Cat ralph_is_that_you = * (Cat*) &ralph;

Watch in wonder as Professor C performs trans-species mutations between Dogs and Cats! The point here is that since ralph is just a sequence of bits, you can just claim that that sequence of bits is really a Cat and nothing would go wrong... except that the "Cat"'s color would be some random large integer, and you better not try to read it's country of origin. The fundamental problems is that while a variable (as in, the name, not the object it represents) has a type, the underlying object does not.

Compare this with JAVA, where not only types, but objects have intrinsic types. This may be due partly to the fact that there are no pointers and thus no access to memory, but the fact nonetheless exists that if you cast a Dog to an Object, you can't cast it back down to a Cat, because the object knows that deep down, it's actually a Dog, not a Cat.

The weak typing present in C++ is rather detrimental, because it makes the compiler static type checks nearly useless if you want to truly abuse-proof your application, and also makes secure and robust software hard to write. For example, you need to be very careful whenever you access a "pointer" because it could really be any random bit pattern.

EDIT 1: The comments had very good points, and I'd like to add them here.

kts points out that Sun's JAVA does indeed have pointers if you look deeply enough. Thanks! I hadn't known, and that's rather cool. However, the fundamental point is that JAVA objects are typed and C types aren't.
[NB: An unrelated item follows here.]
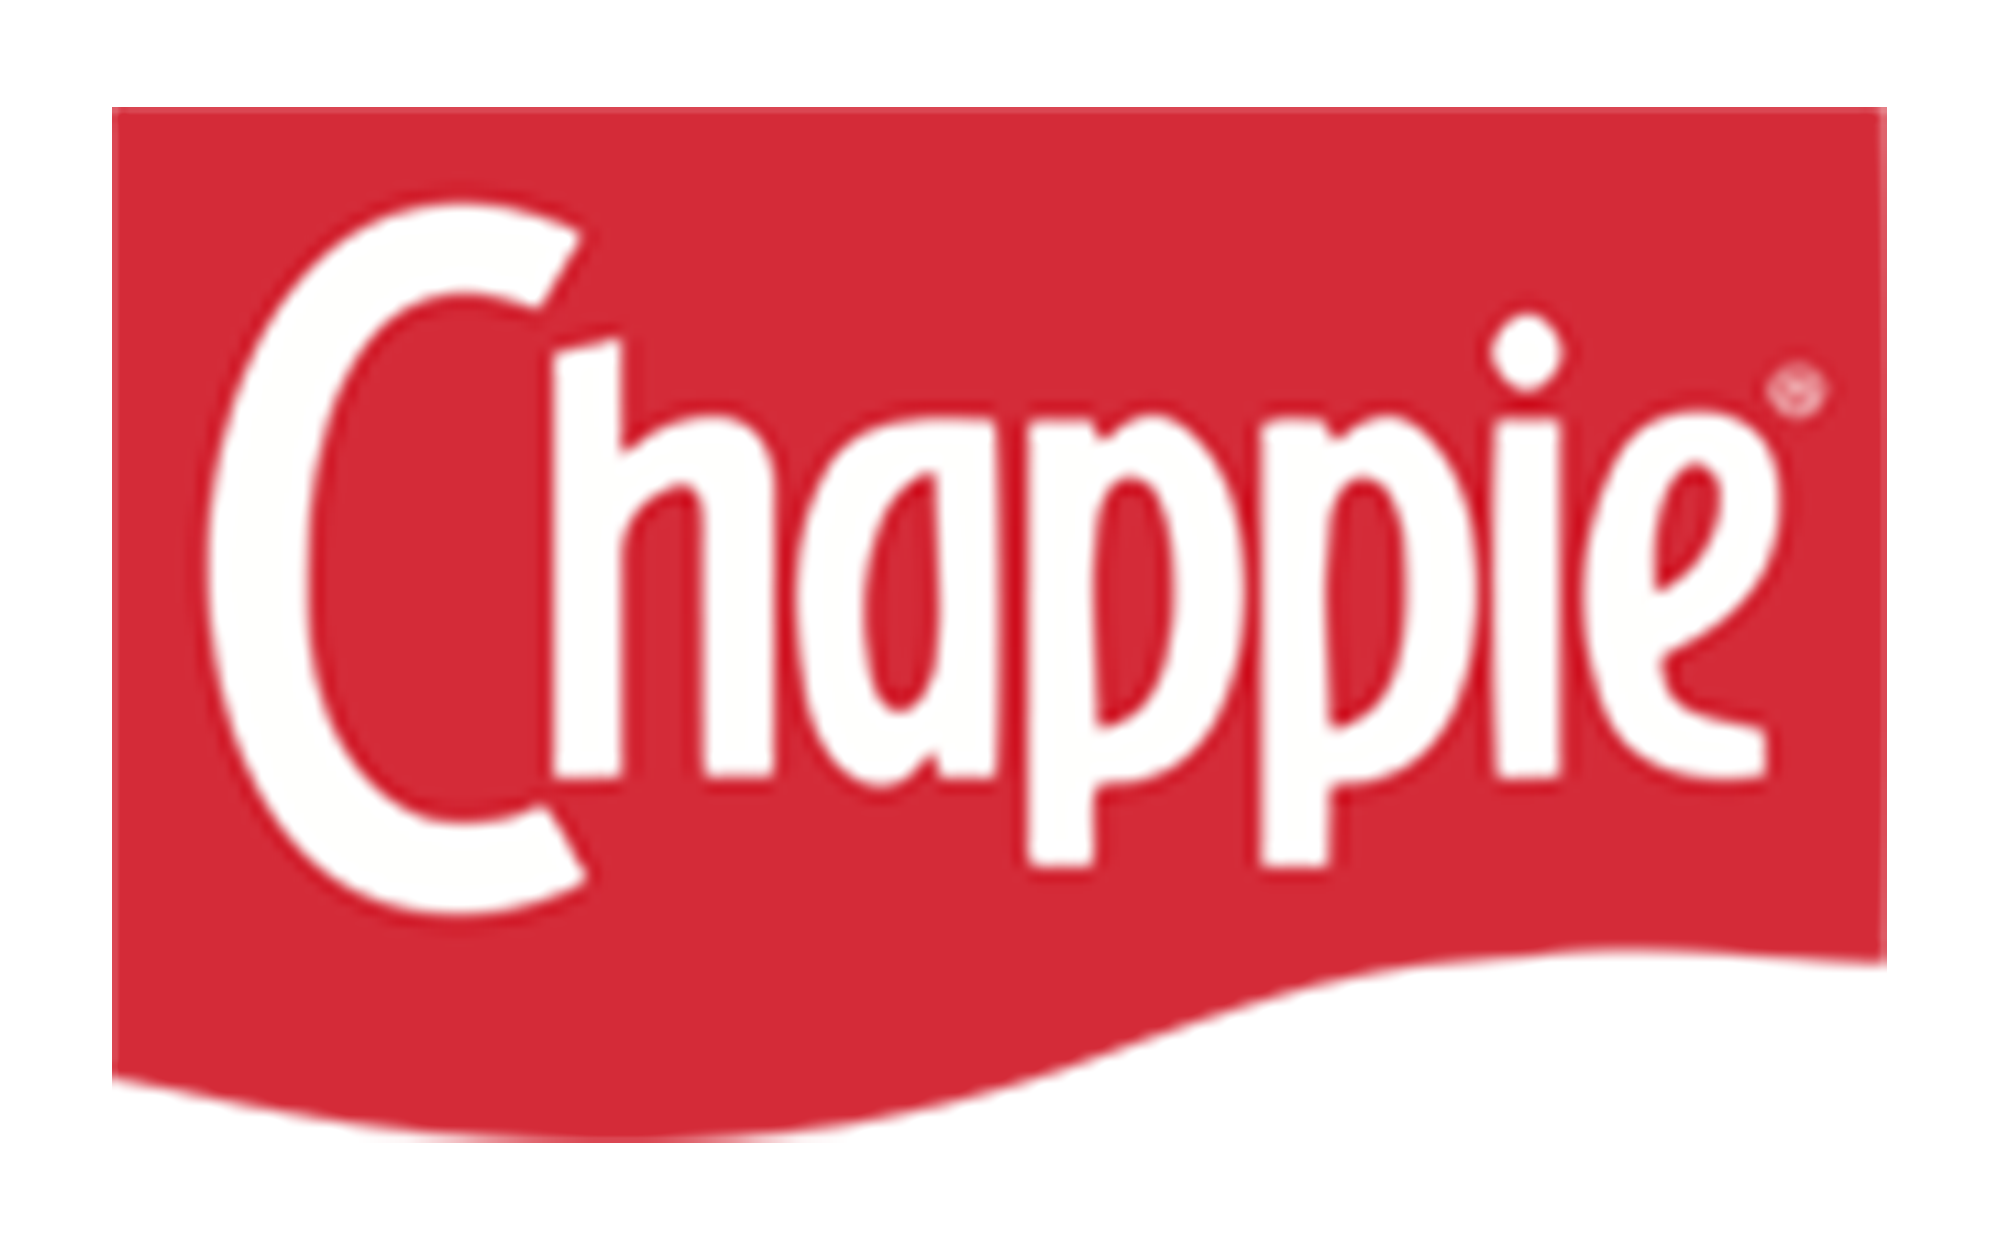 Chappie Dog Food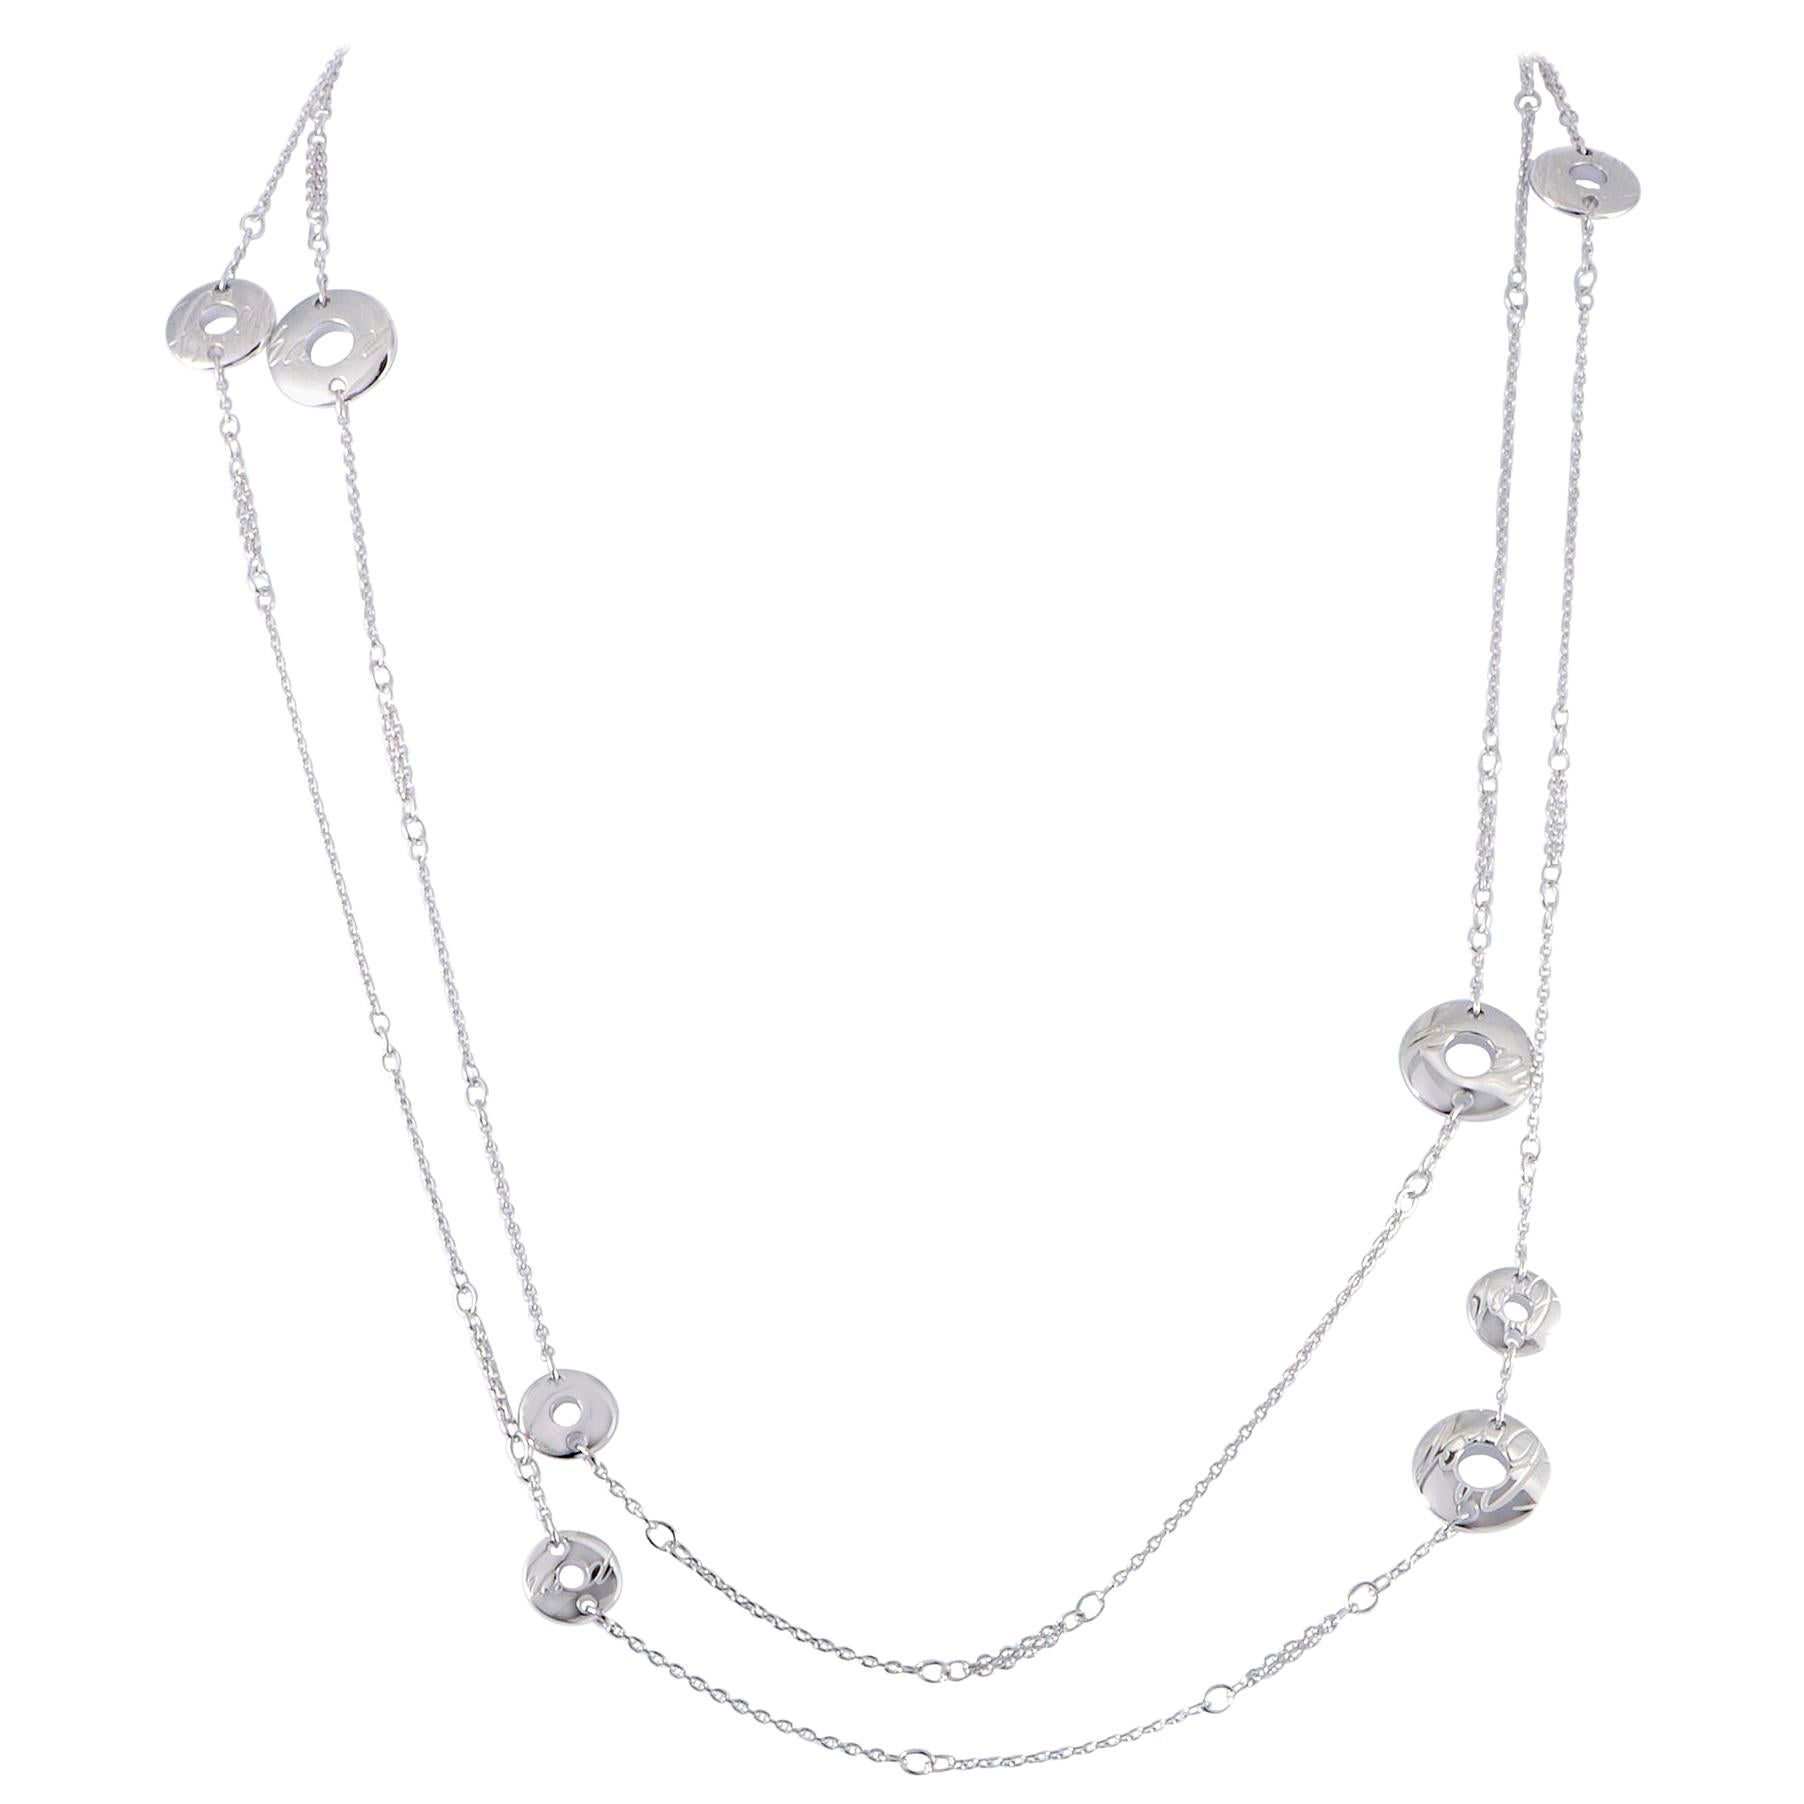 Chopard Chopardissimo 18 Karat White Long Sautoir Necklace

Yes, you can circumvent this, but this is the same as the difference between opt-in and opt-out spam: yes, you could abuse the JAVA pointers, but the default is that no abuse is possible. You'd have to opt in.

martin-york points out that the example I showed is a purely C phenomenon. This is true, but

1. C++ mostly contains C as a subset (the differences are usually too minor to list).
2. C++ includes reinterpret_cast<T> specifically to allow hacks like this.
3. Just because it's discouraged doesn't mean it isn't pervasive or dangerous. Basically, even if JAVA has opt-in pointers (as I'll call them), the fact is that the person using them has probably thought of the consequences. C's casts are so easy that they're at times done without thinking (To quote Stroustroup, "But the new syntax was made deliberately ugly, because casting is still an ugly and often unsafe operation."). There's also the fact that the work needed to circumvent JAVA's type system is far more than what would make for a clever hack, while circumventing the C type system (and, yes, the C++ type system) is easy enough that I've seen it done just for a minor performance boost.

Anyway, discouraging something doesn't make it not happen. I discourage bad coding, but I haven't seen it get me anywhere...

As for the feature being useful, it admittedly is (just look up "fast inverse square root" on Google or Wikipedia) but it is dangerous enough that, following Stroustroup's maxim that ugly operations should be ugly, the difficulty threshold should be significantly higher.